» WHAT IS EXPECTED
Please restate word for word the lines of the entries below from the one with "Al Haramain Cuir" to the one with "台北旗舰店崭新 All Sports", inclusive, and leave out every picture.

=== AVAILABLE RECORDS ===

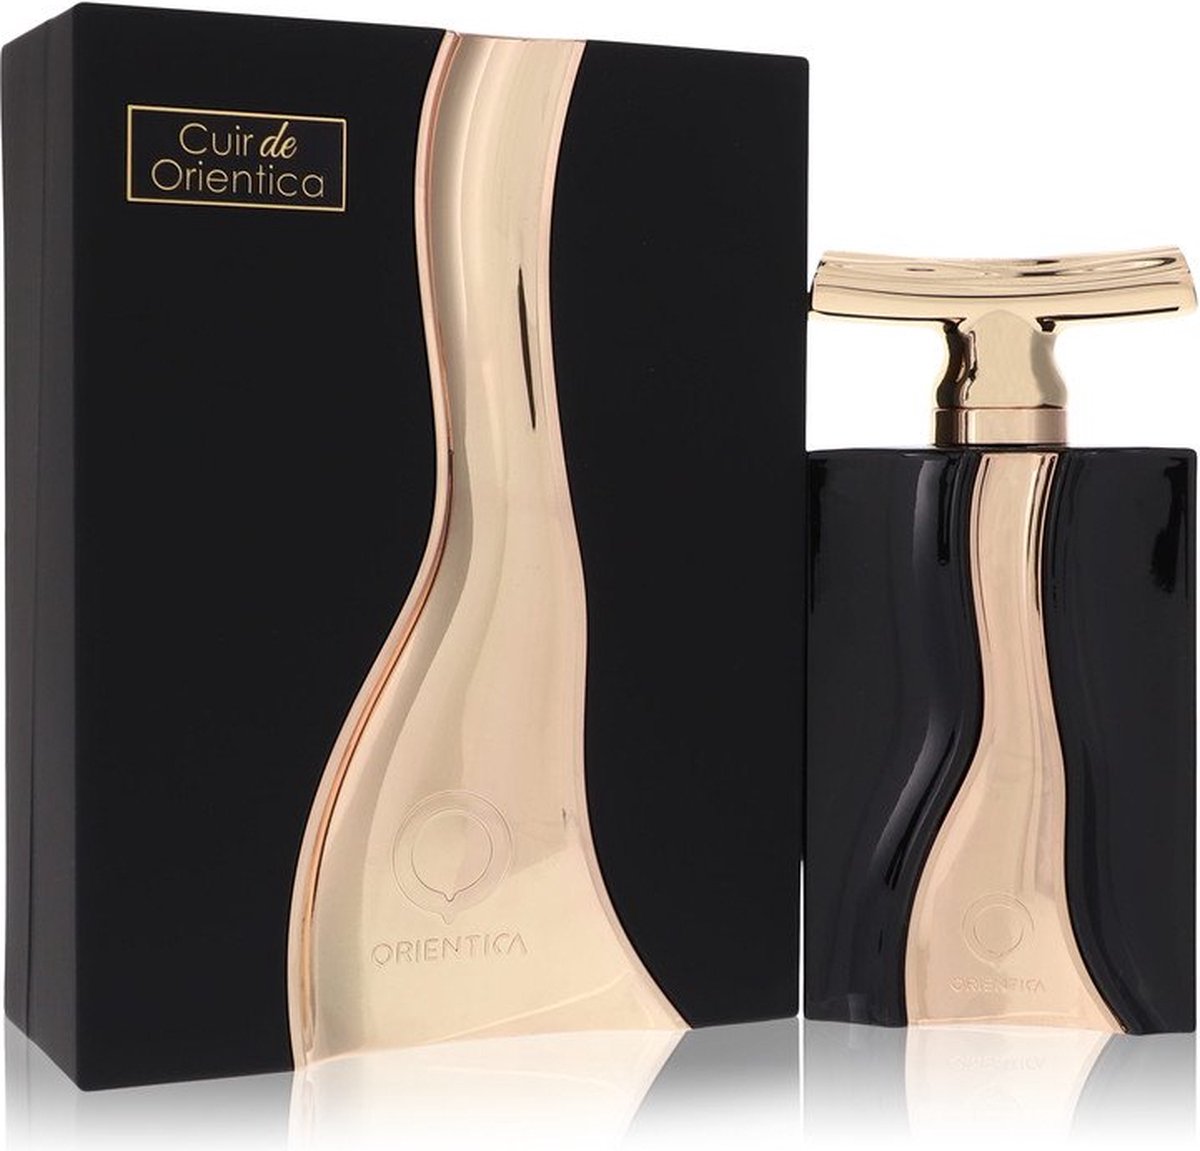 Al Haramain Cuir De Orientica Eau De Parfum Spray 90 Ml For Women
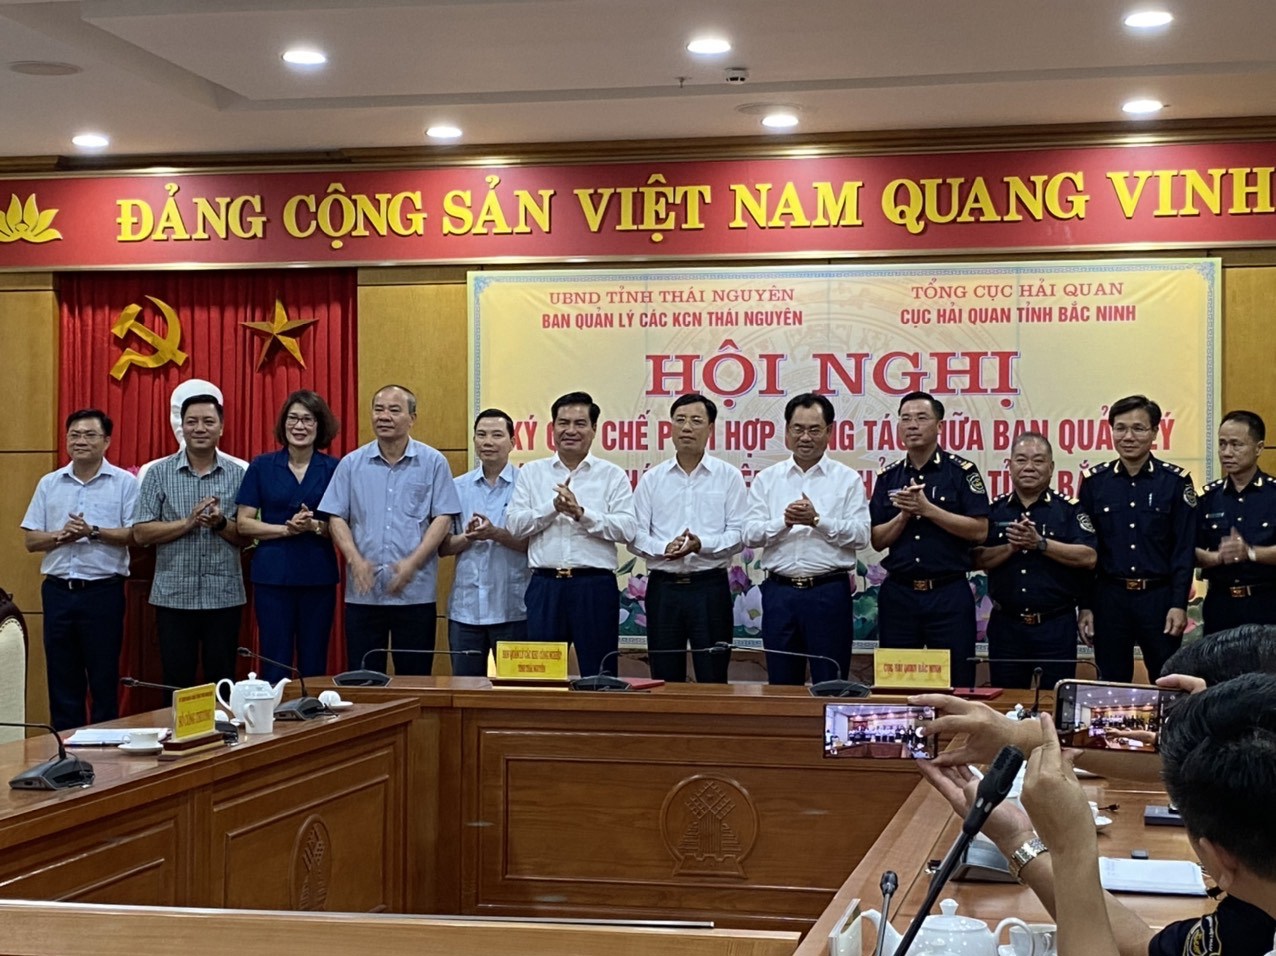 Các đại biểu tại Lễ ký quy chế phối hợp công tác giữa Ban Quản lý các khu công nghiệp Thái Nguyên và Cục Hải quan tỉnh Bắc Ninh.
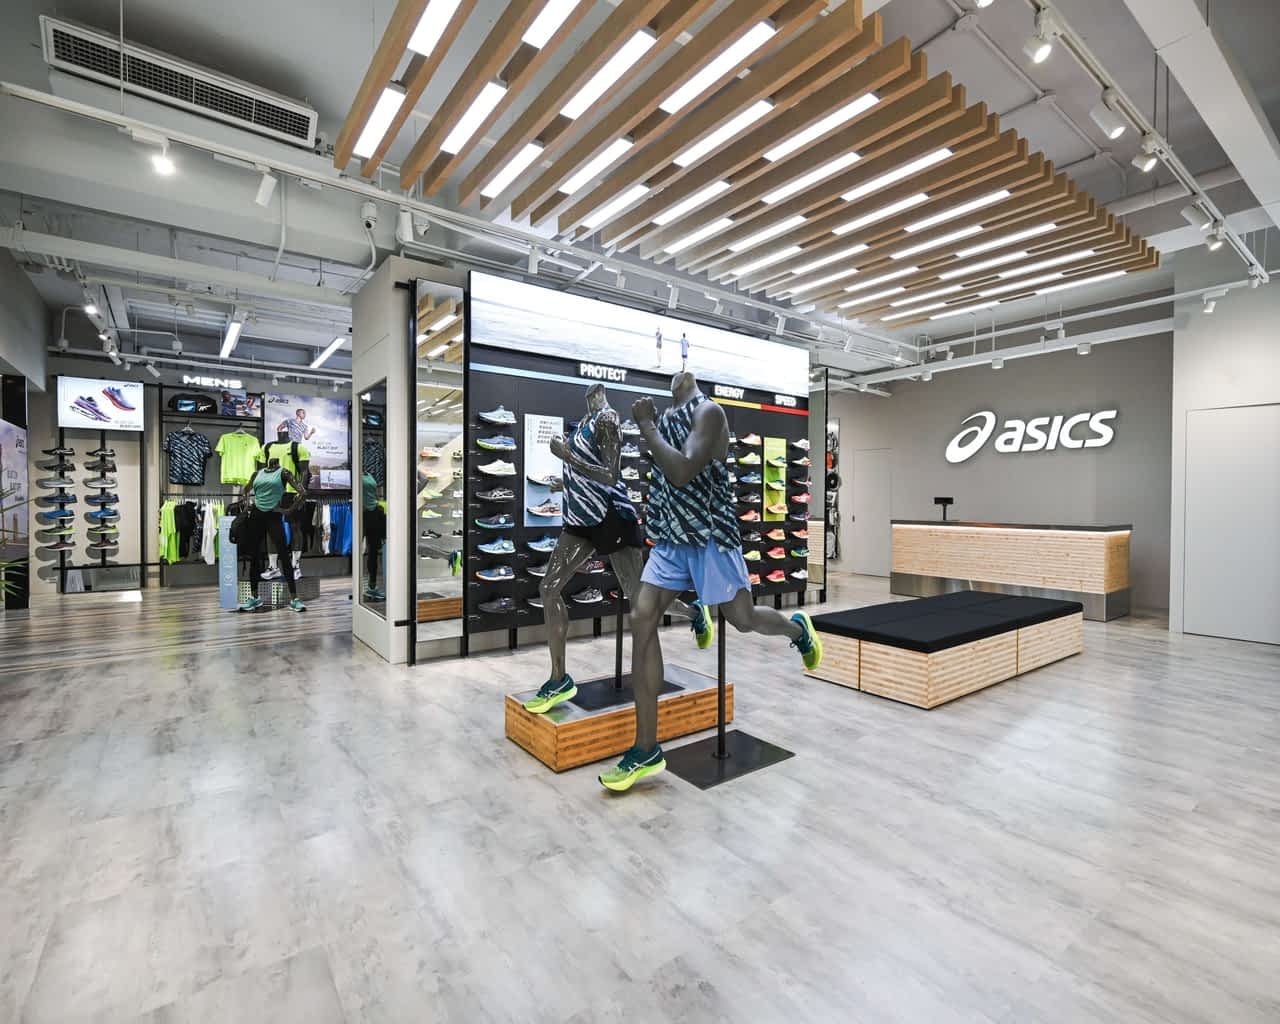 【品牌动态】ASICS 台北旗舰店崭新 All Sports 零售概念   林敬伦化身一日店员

===
=== AVAILABLE RECORDS ===

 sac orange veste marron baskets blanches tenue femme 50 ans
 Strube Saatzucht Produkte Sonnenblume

===

» RESPONSE TO THIS EXERCISE
 Al Haramain Cuir De Orientica Eau De Parfum Spray 90 Ml For Women
 Các đại biểu tại Lễ ký quy chế phối hợp công tác giữa Ban Quản lý các khu công nghiệp Thái Nguyên và Cục Hải quan tỉnh Bắc Ninh.
 【品牌动态】ASICS 台北旗舰店崭新 All Sports 零售概念   林敬伦化身一日店员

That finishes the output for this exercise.